# Exercise aim:
In the listing below, locate the line containing "Sailing boat on baltic sea Stock Photo" and the line containing "Off-Shoulder Lace Sheath". Output both of them and every line between, exactly as written, and nothing more.

# Given data:
□ □ □ □
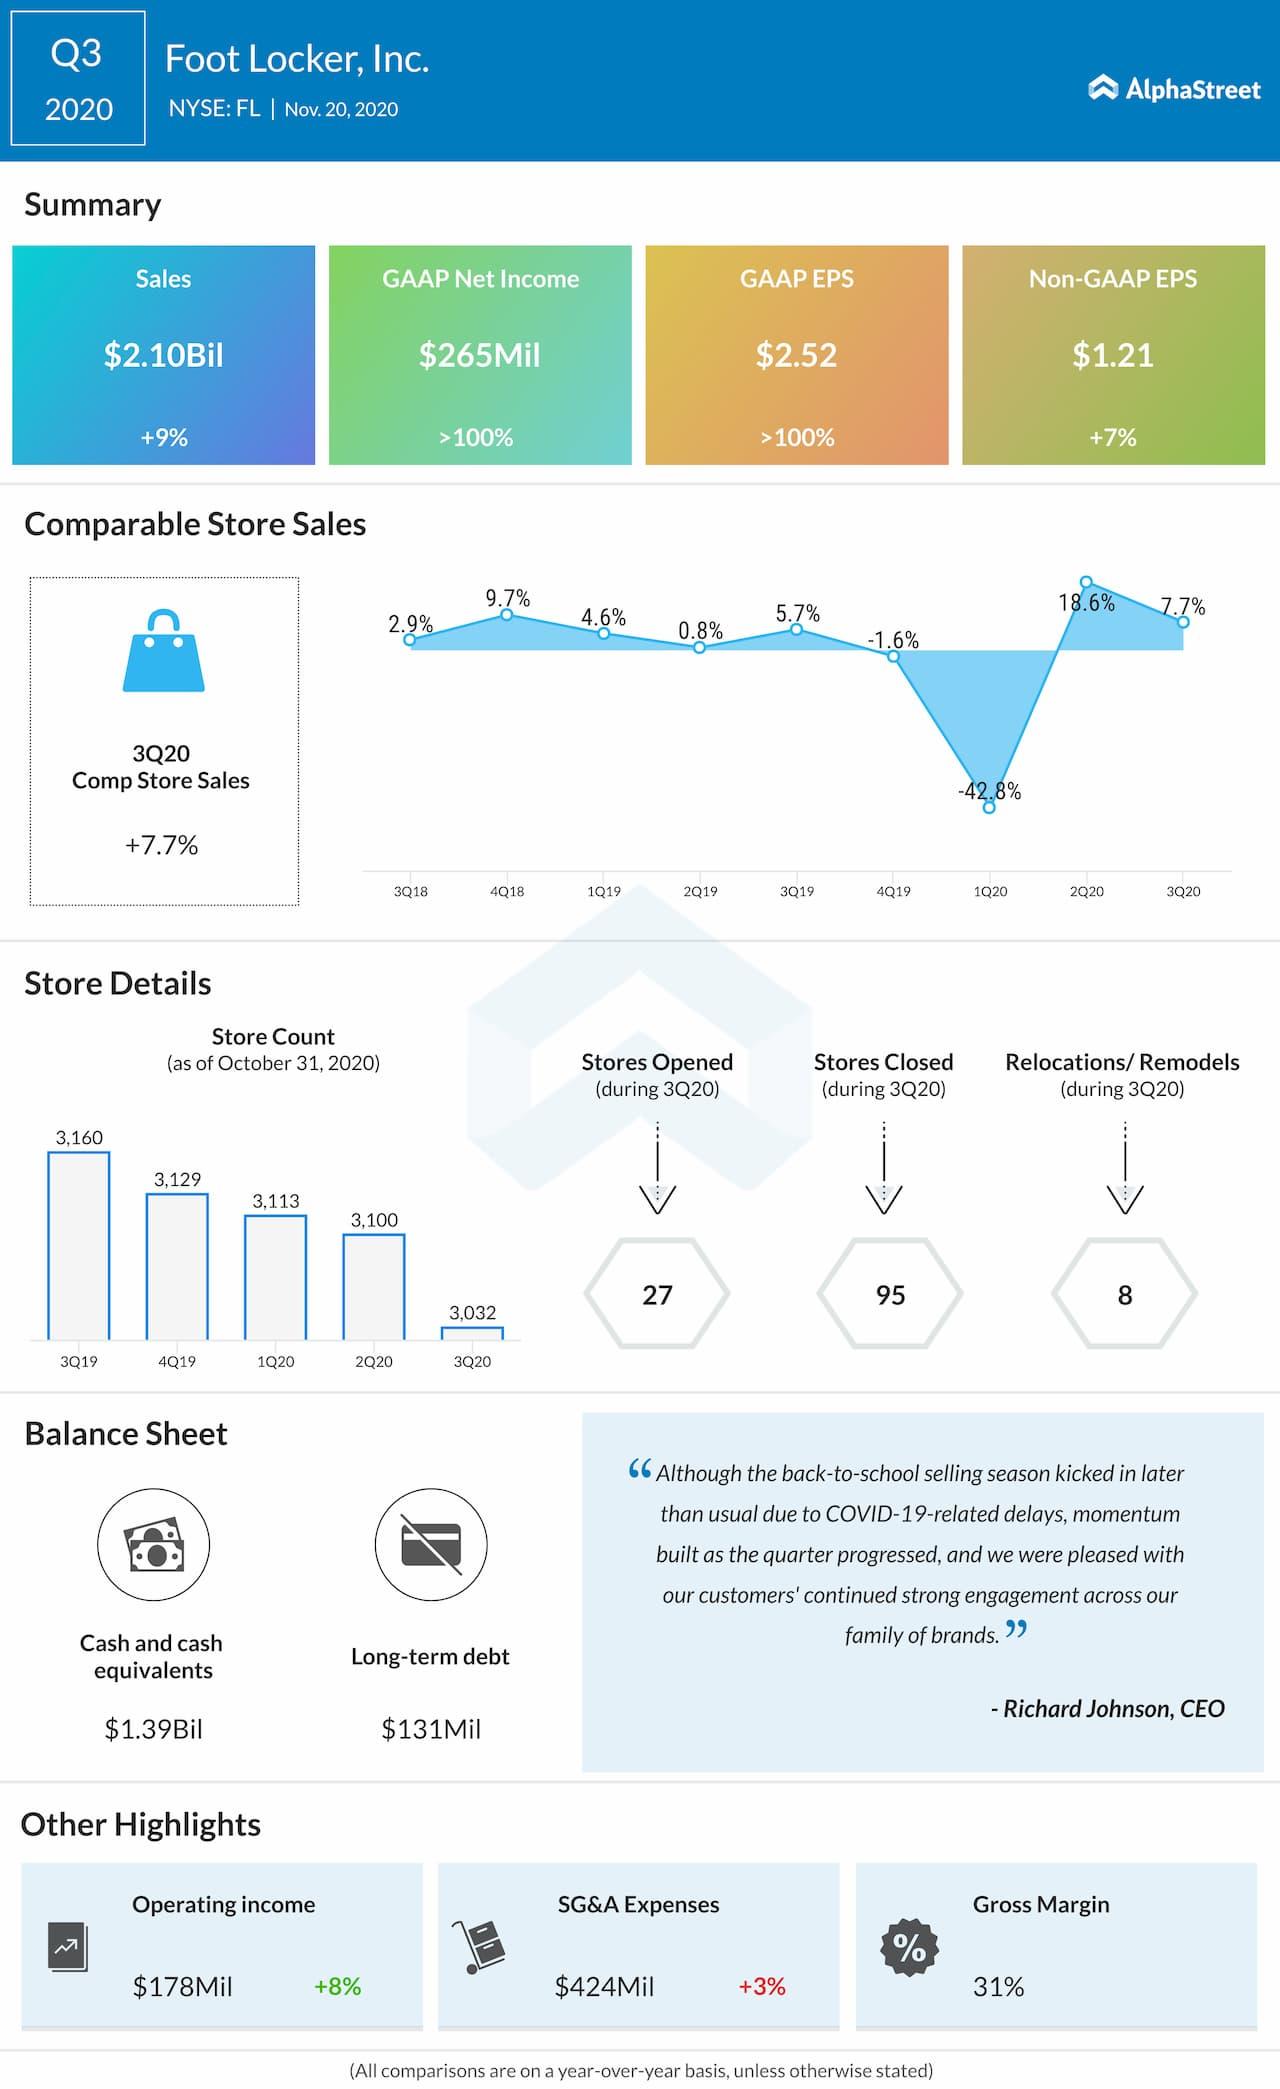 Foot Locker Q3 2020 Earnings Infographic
□ □ □ □
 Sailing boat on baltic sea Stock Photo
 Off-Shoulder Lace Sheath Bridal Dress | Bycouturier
□ □ □ □
# Result of the exercise:
 Sailing boat on baltic sea Stock Photo
 Off-Shoulder Lace Sheath Bridal Dress | Bycouturier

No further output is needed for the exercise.